Apostando no pior
A imprensa tradicional do Brasil ainda não considera esgotado o filão do jornalismo de sacristia: desde duas semanas antes do primeiro turno das eleições até esta quarta-feira, jornais, revistas e programas noticiosos de rádio e televisão repetiram incessantemente frases dos dois principais candidatos à Presidência da República sobre a questão do aborto.
Mas não se viu nesse amplo material uma reportagem ou artigo relacionando o tema a questões sociais ou de saúde pública.
A intenção não é esclarecer, ou fazer avançar o debate. O interesse é interferir na disputa, preferencialmente reproduzindo incessantemente frases fora de seu contexto, com o propósito de manter o assunto em evidência, numa atmosfera de obscuridade, até o dia 31.
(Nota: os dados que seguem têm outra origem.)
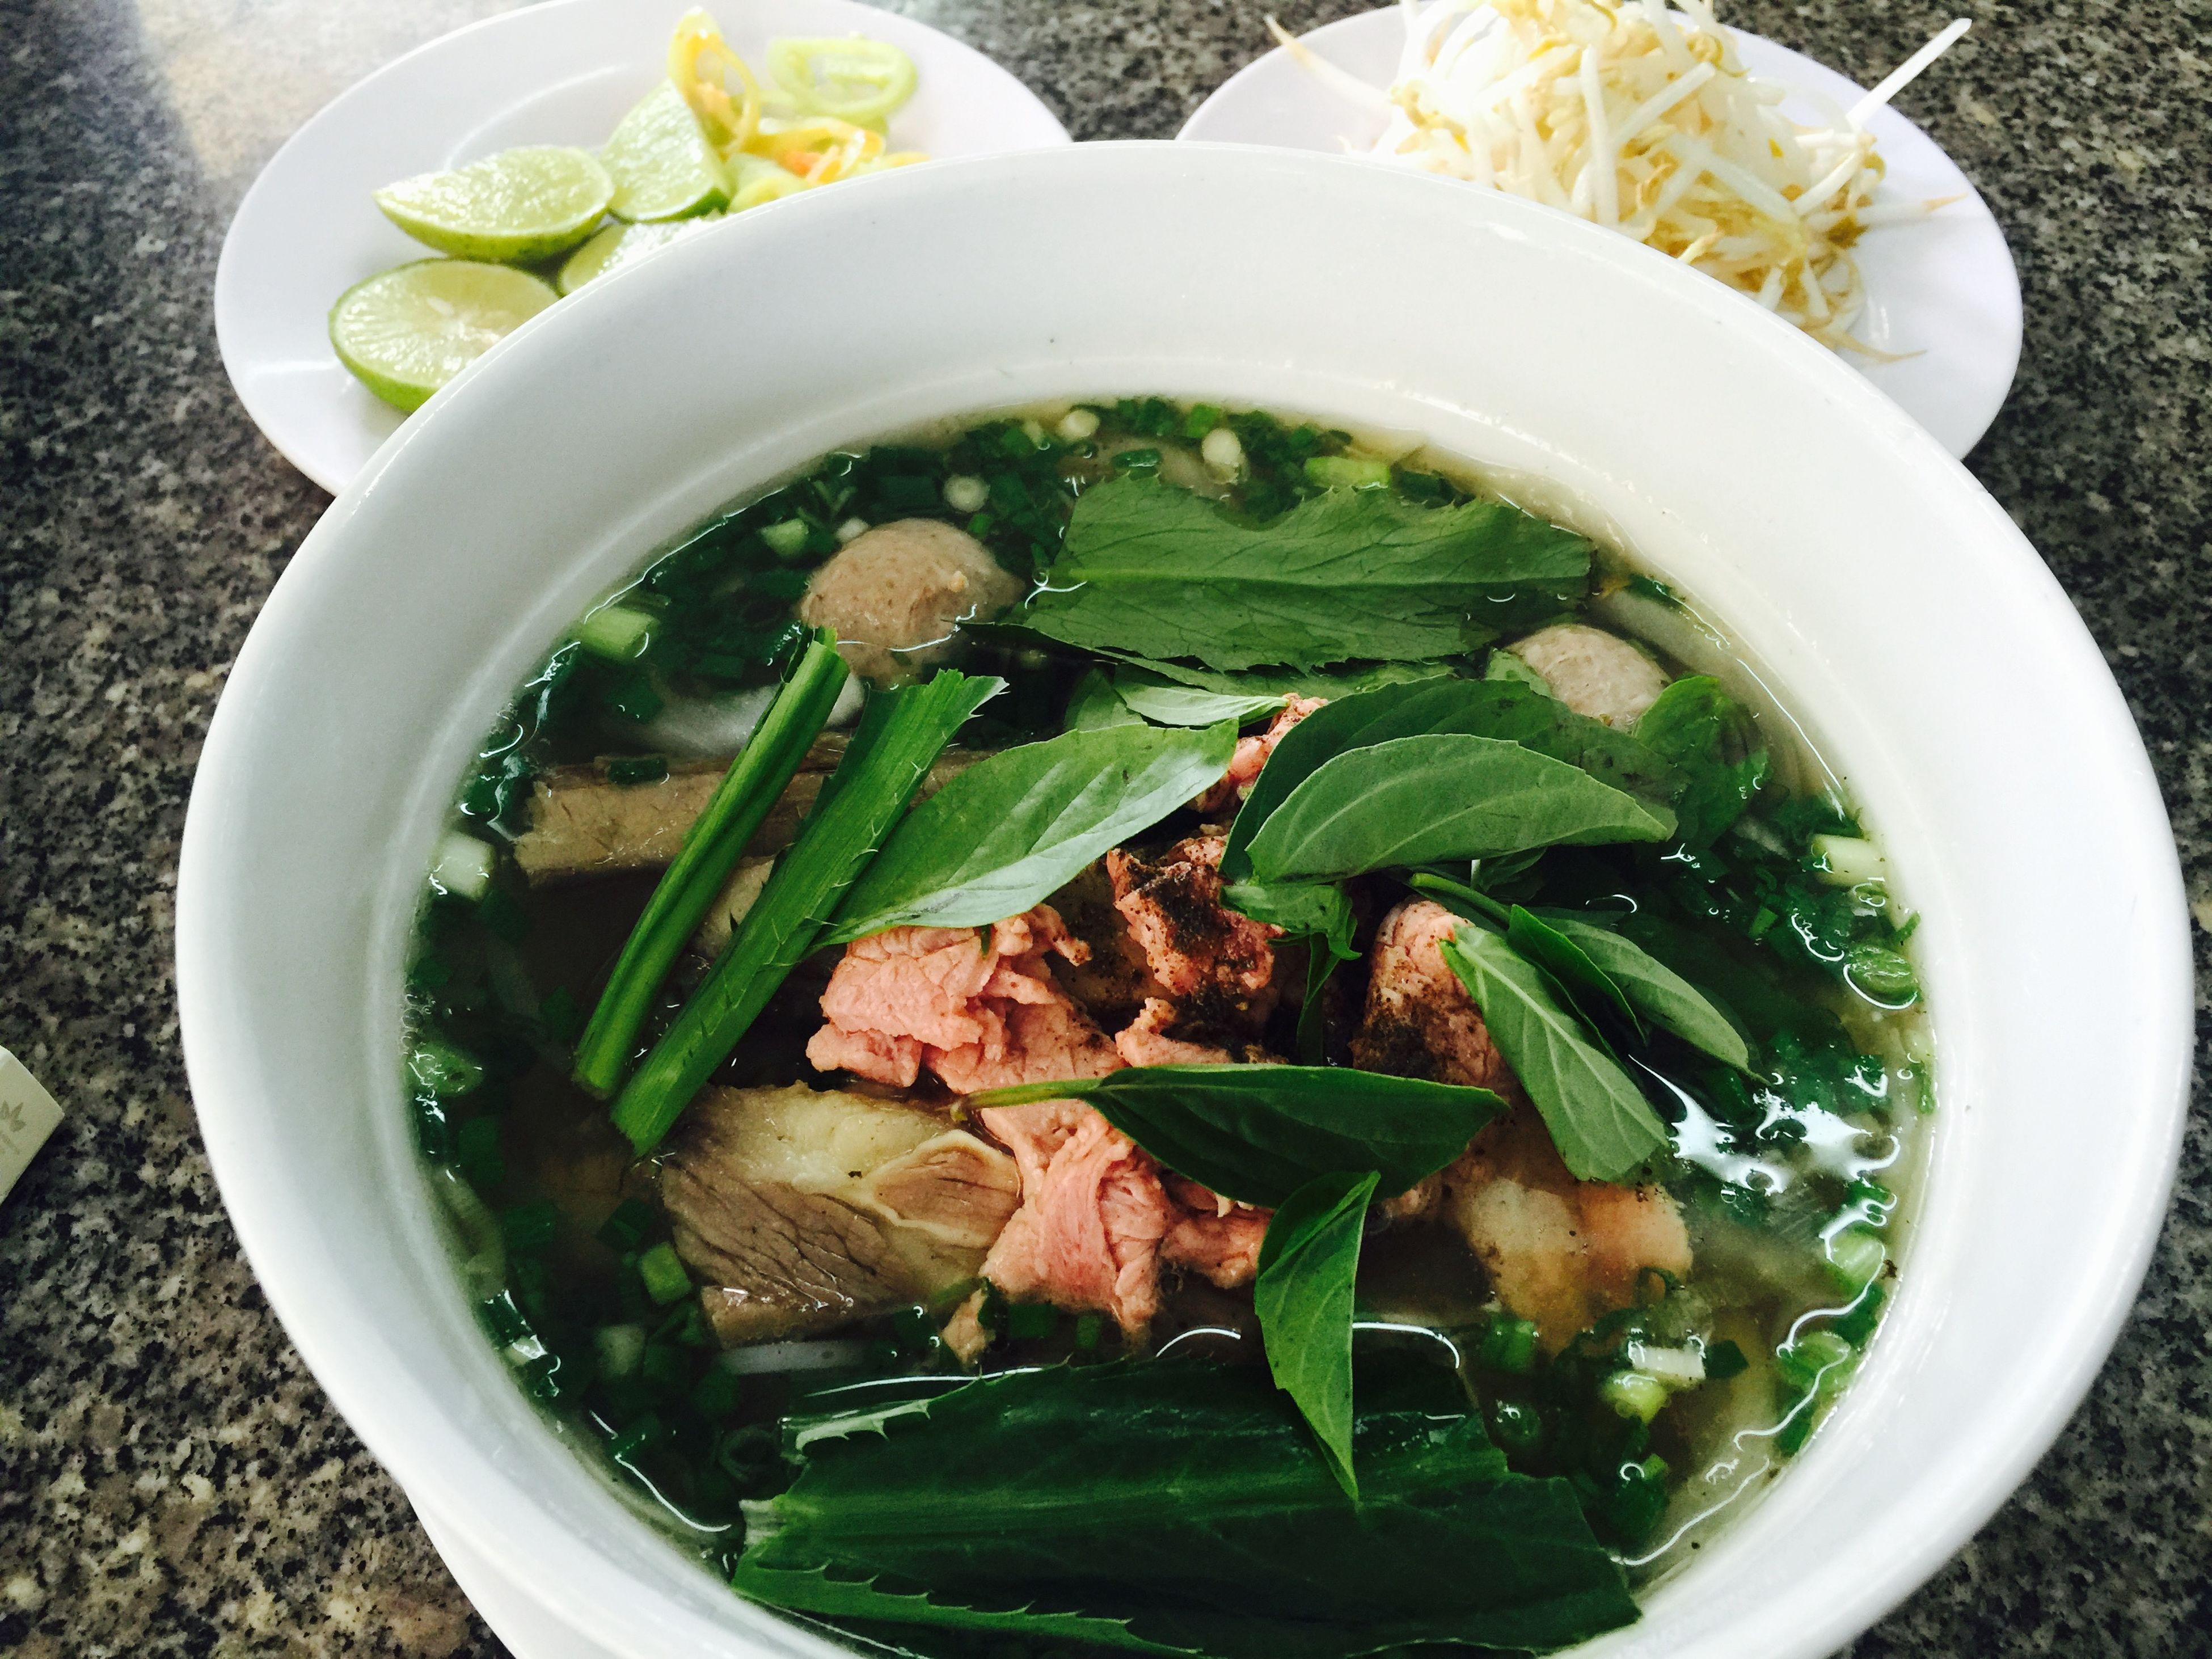 Pho Dac Biet Pho Bo Vietnamese Food Foodporn
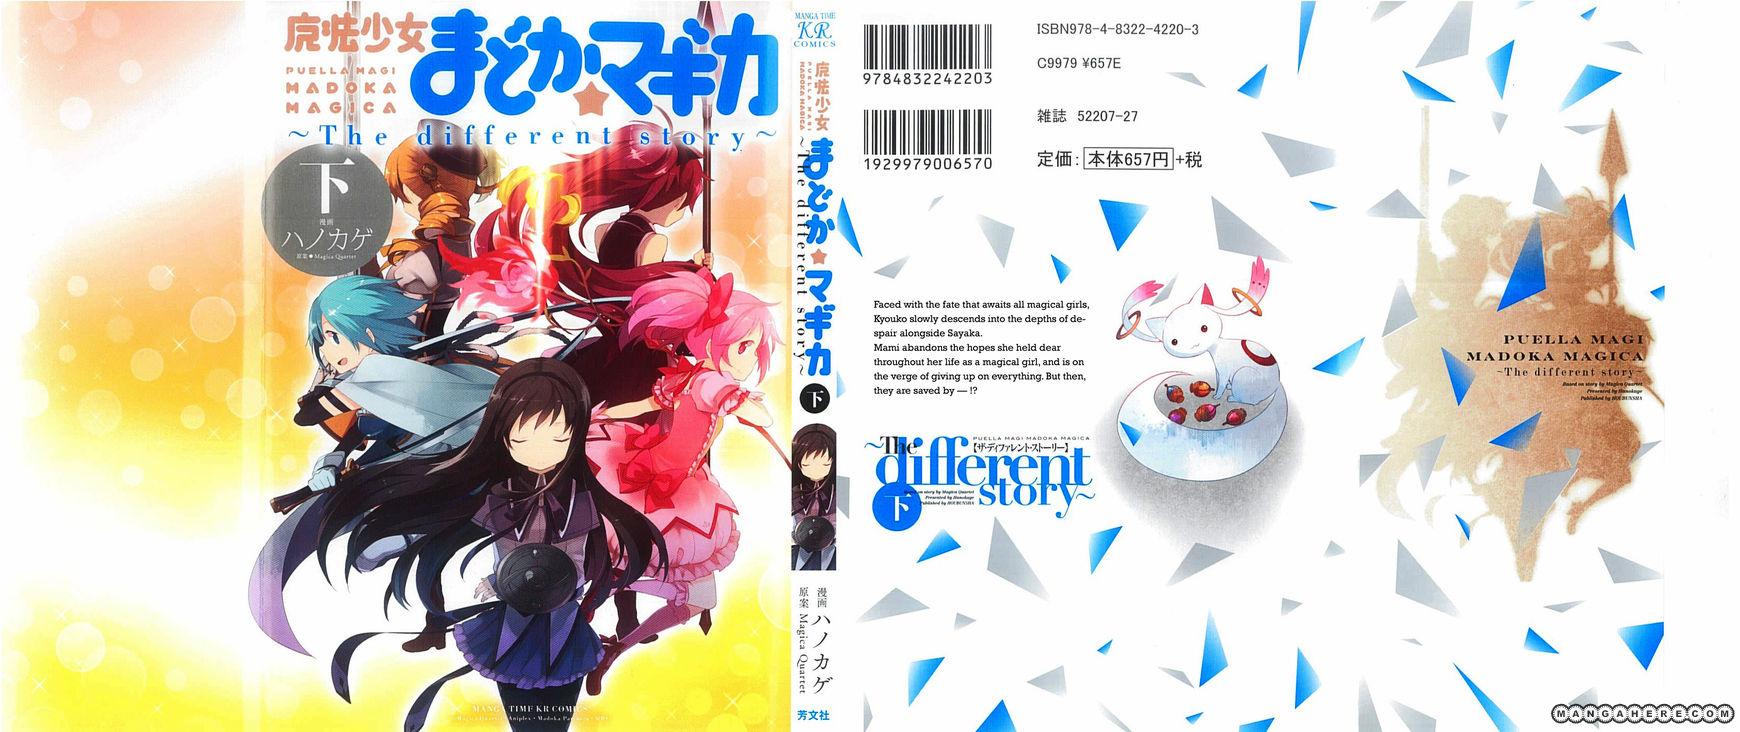 Mahou Shoujo Madoka Magica - The Different Story 9 Page 1

A revista Época desta semana bem que tentou fazer algum esclarecimento, diferenciando, por exemplo, o eleitorado católico, menos submetido à influência dos sacerdotes, dos evangélicos, que passam mais tempo dentro das igrejas, vivem em círculos sociais mais fechados, como irmandades, e são mais submissos à pregação dos pastores.
Errou apenas em um aspecto: não se trata de uma questão de fé, mas de ignorância e preconceito.
No cenário geral, a imprensa de alcance nacional continuou apostanto na desinformação.
Paralelamente, alguns institutos de pesquisa passaram as últimas semanas fornecendo material para os coordenadores de campanhas sobre os efeitos do debate interminável e propositalmente inconcluso promovido pela imprensa.
Curiosamente, alguns articulistas volta e meia criticam o baixo nível do debate, sem levar em conta, ou fingindo não perceber que é a própria imprensa que alimenta esse círculo vicioso de desinformação.
A quem interessa manter a campanha no nível das crendices e do preconceito?
A julgar pela insistência da mídia em manter o debate na superfície, o objetivo é mudar a tendência que aparece nas pesquisas de intenção de voto.
Não importa que para isso tenha que valorizar o que há de pior na sociedade: a intolerância.
Com medo da regulação
Luiz Egypto, editor do Observatório da Imprensa:
– Dedicados à cobertura do processo eleitoral, os jornais ditos nacionais não deram seguimento ao noticiário a respeito das gestões do ministro da Secretaria de Comunicação Social da Presidência, Franklin Martins, para a realização do seminário internacional “Marco Regulatório da Radiodifusão, Comunicação Social e Telecomunicação” – marcado para 9 e 10 de novembro, em Brasília. Mas, a julgar pelo teor dos títulos e pelos editoriais que suscitou, o assunto deverá voltar com força à pauta tão logo se conheçam os resultados da votação do segundo turno da eleição presidencial.
O gancho do noticiário publicado na sexta-feira passada, e dos editoriais dados no sábado e no domingo, foi a viagem do ministro Franklin à Europa para se inteirar dos modelos de regulação da mídia ali postos em prática e, de quebra, formalizar convites a participantes do seminário agendado para novembro. Os movimentos do ministro foram tratados com evidente má vontade pelos três principais jornais brasileiros, que viram nisso mais um lance na direção de uma pretensa intenção do governo de, abre aspas, “controlar a mídia” (ver aqui). Pode até ser que alguns militantes delirantes encastelados na máquina estatal acalentem o sonho de constituir uma espécie de “tribunal da mídia”, mas daí a imaginar que o delírio deverá converter-se em política pública vai uma distância galáctica.
O problema é que a mídia brasileira não quer ouvir falar em regulação de qualquer espécie, sobretudo em uma regulação democrática, pois se acostumou ao padrão de promiscuidade vigente nessa área.
Aqui, a concentração é visível e a propriedade cruzada, uma farra. Sem contar a desfaçatez de se admitir conceder frequências de radiodifusão a políticos com mandato – ou a seus “laranjas”. Não se tem notícia, por exemplo, que entre os convidados do seminário estará algum representante da Federal Communications Commission, o ente regulador das telecomunicações e da radiodifusão nos Estados Unidos. Criada em 1934, a FCC é uma vigilante implacável contra abusos da propriedade cruzada. E seria um avanço histórico se essa moda pegasse no Brasil.